(ASSIGNED TASK): Quote the listing below in its entirety, omitting every image.

(GIVEN DATA begins)

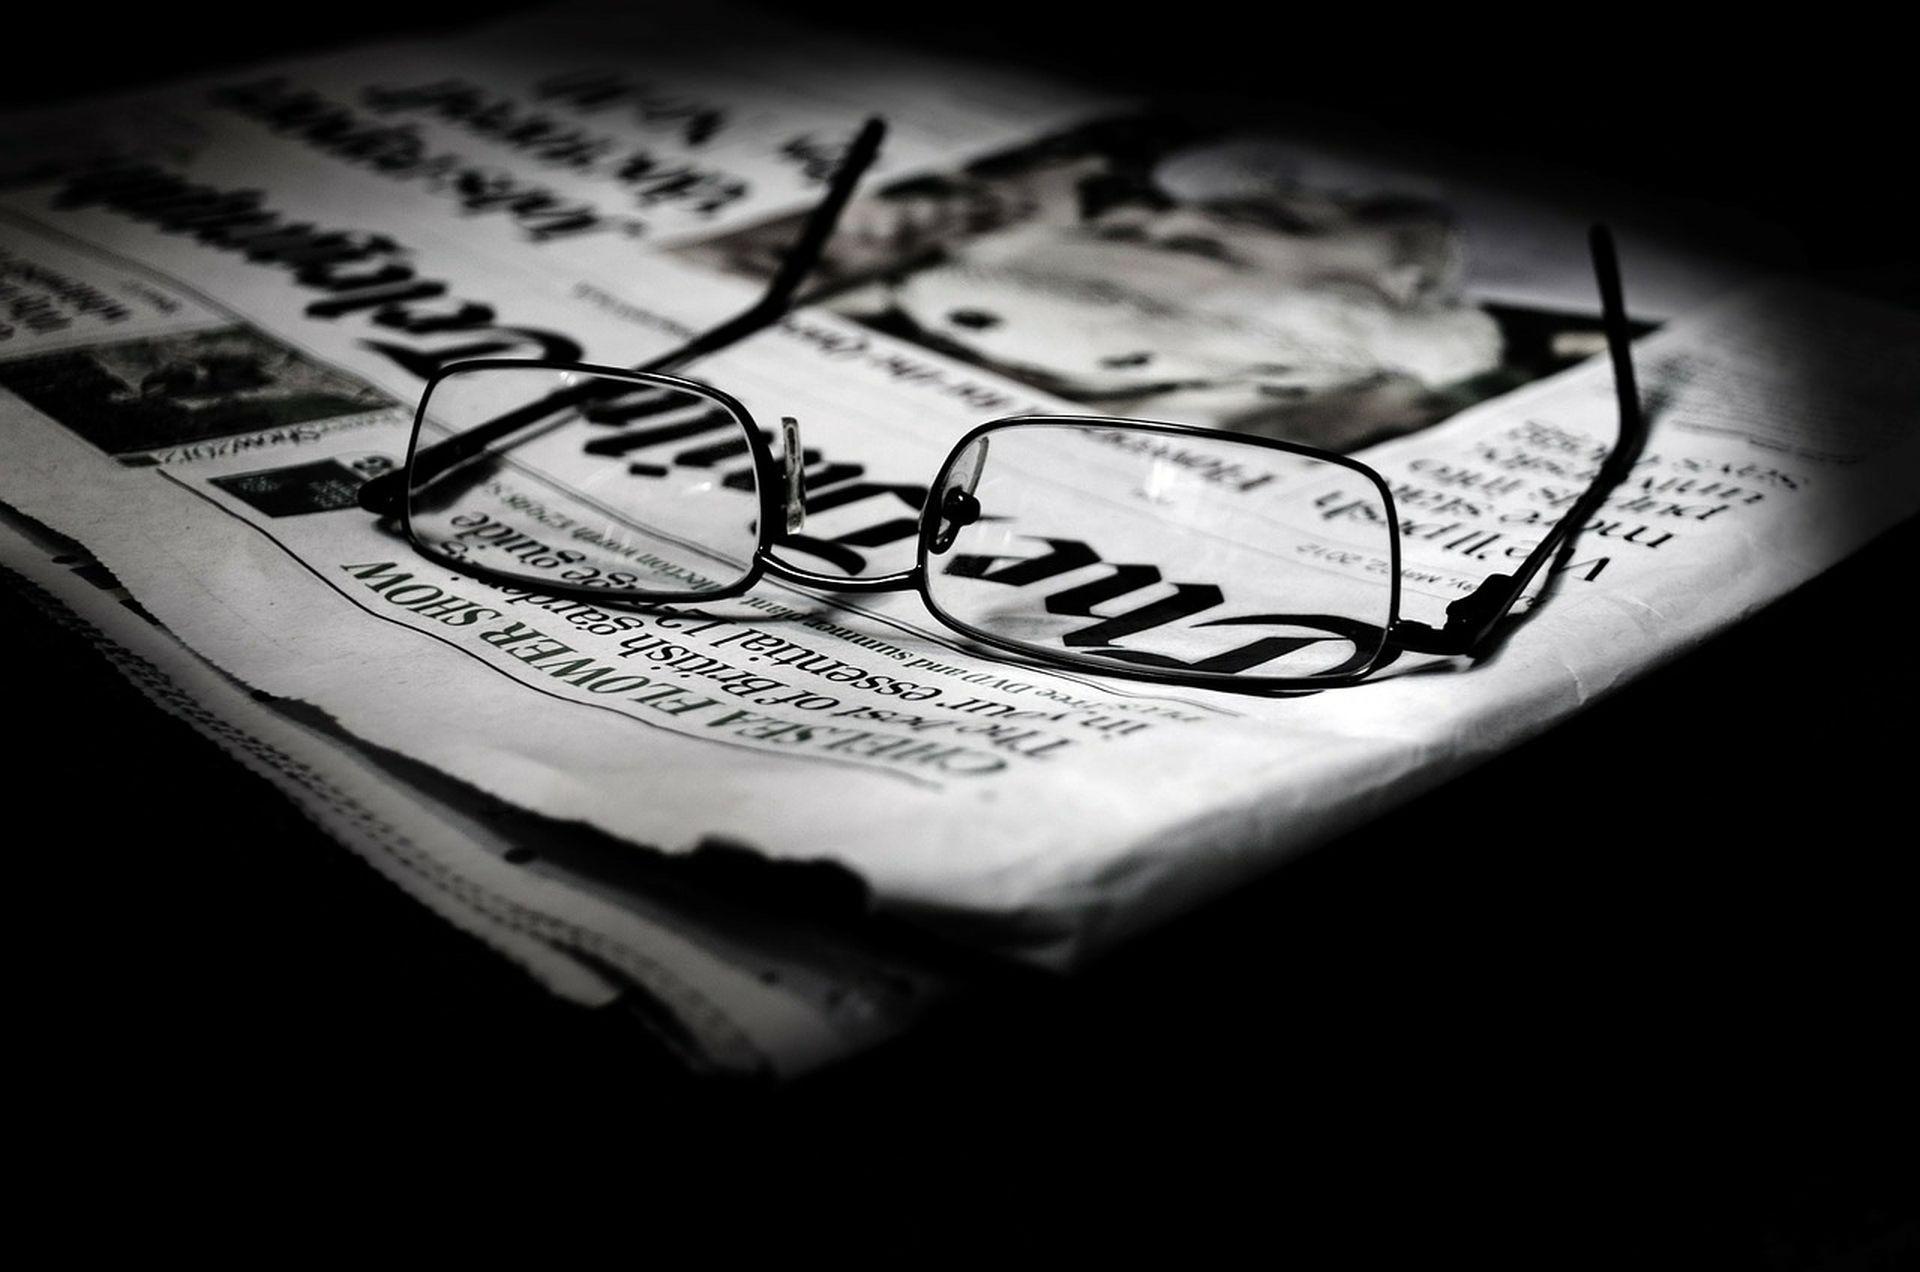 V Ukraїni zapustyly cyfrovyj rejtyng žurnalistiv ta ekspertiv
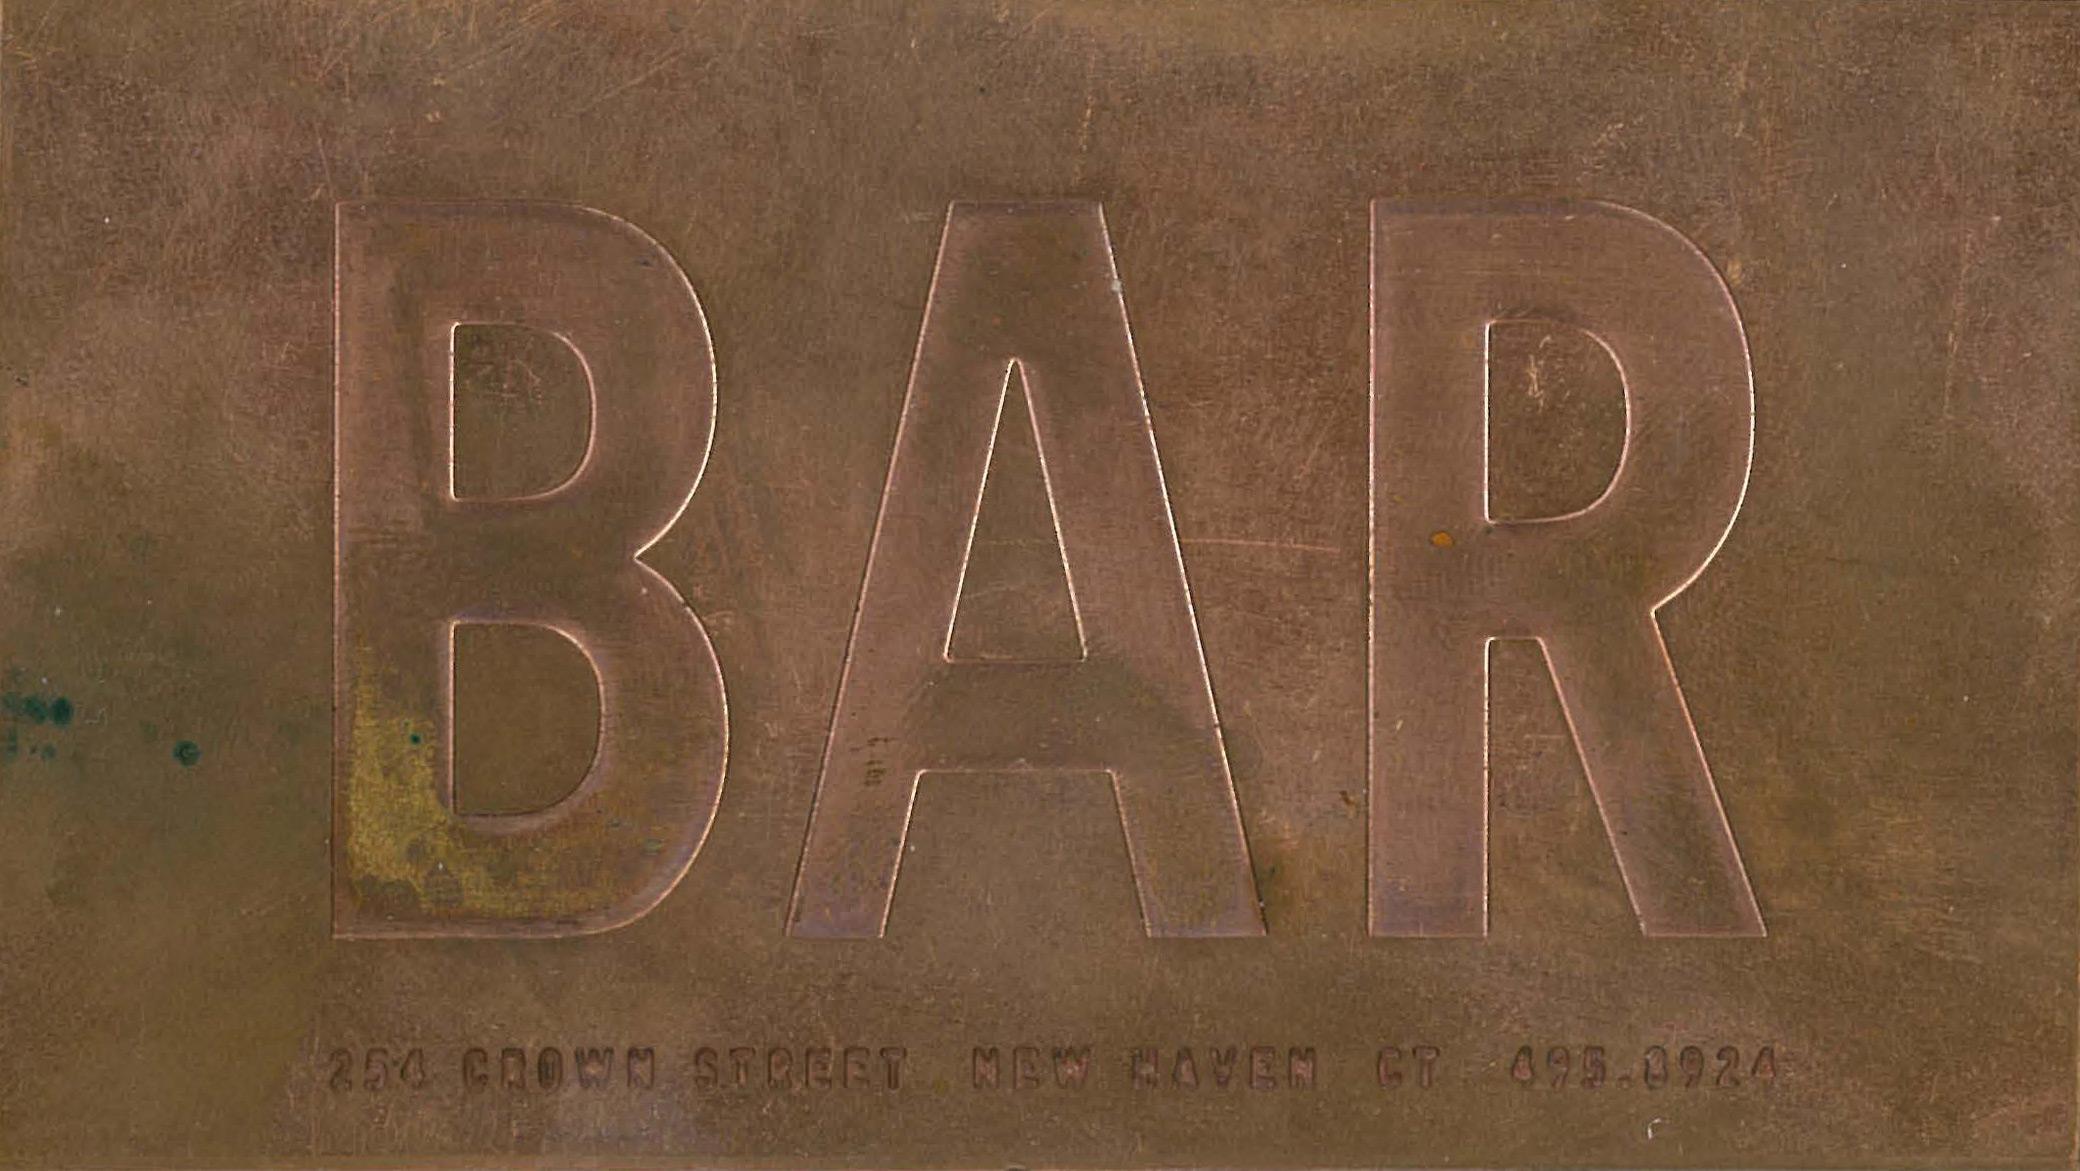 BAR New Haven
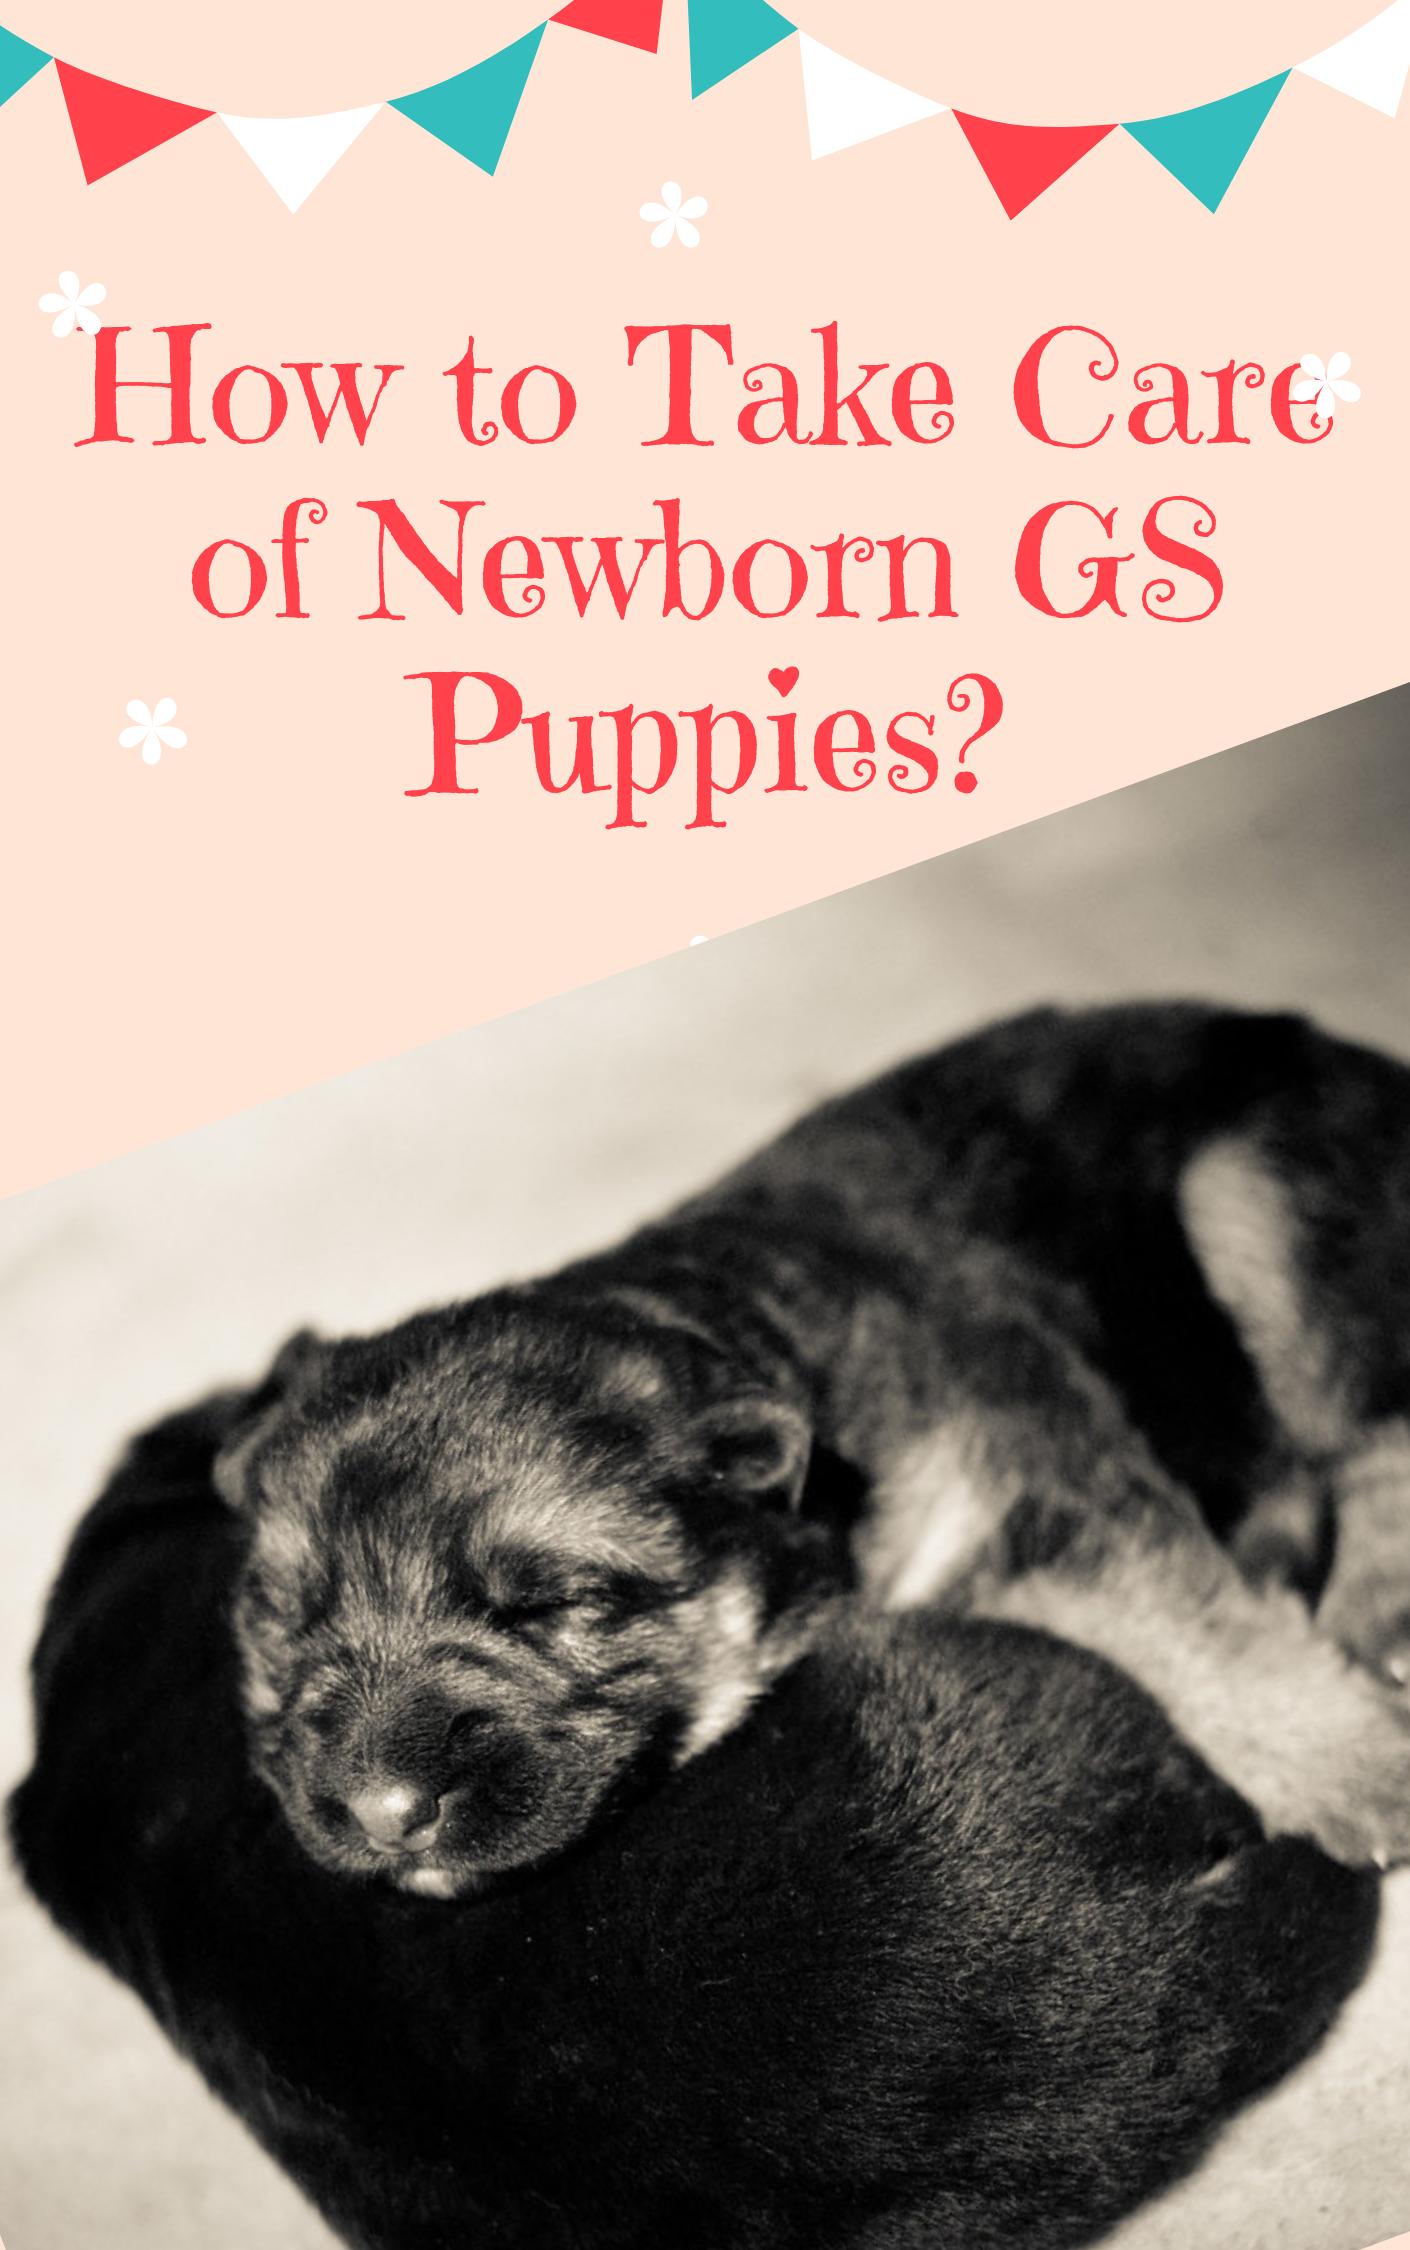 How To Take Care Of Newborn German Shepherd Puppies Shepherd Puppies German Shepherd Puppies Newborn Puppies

(GIVEN DATA ends)

(SOLUTION FOR THIS EXERCISE):
 V Ukraїni zapustyly cyfrovyj rejtyng žurnalistiv ta ekspertiv
 BAR New Haven
 How To Take Care Of Newborn German Shepherd Puppies Shepherd Puppies German Shepherd Puppies Newborn Puppies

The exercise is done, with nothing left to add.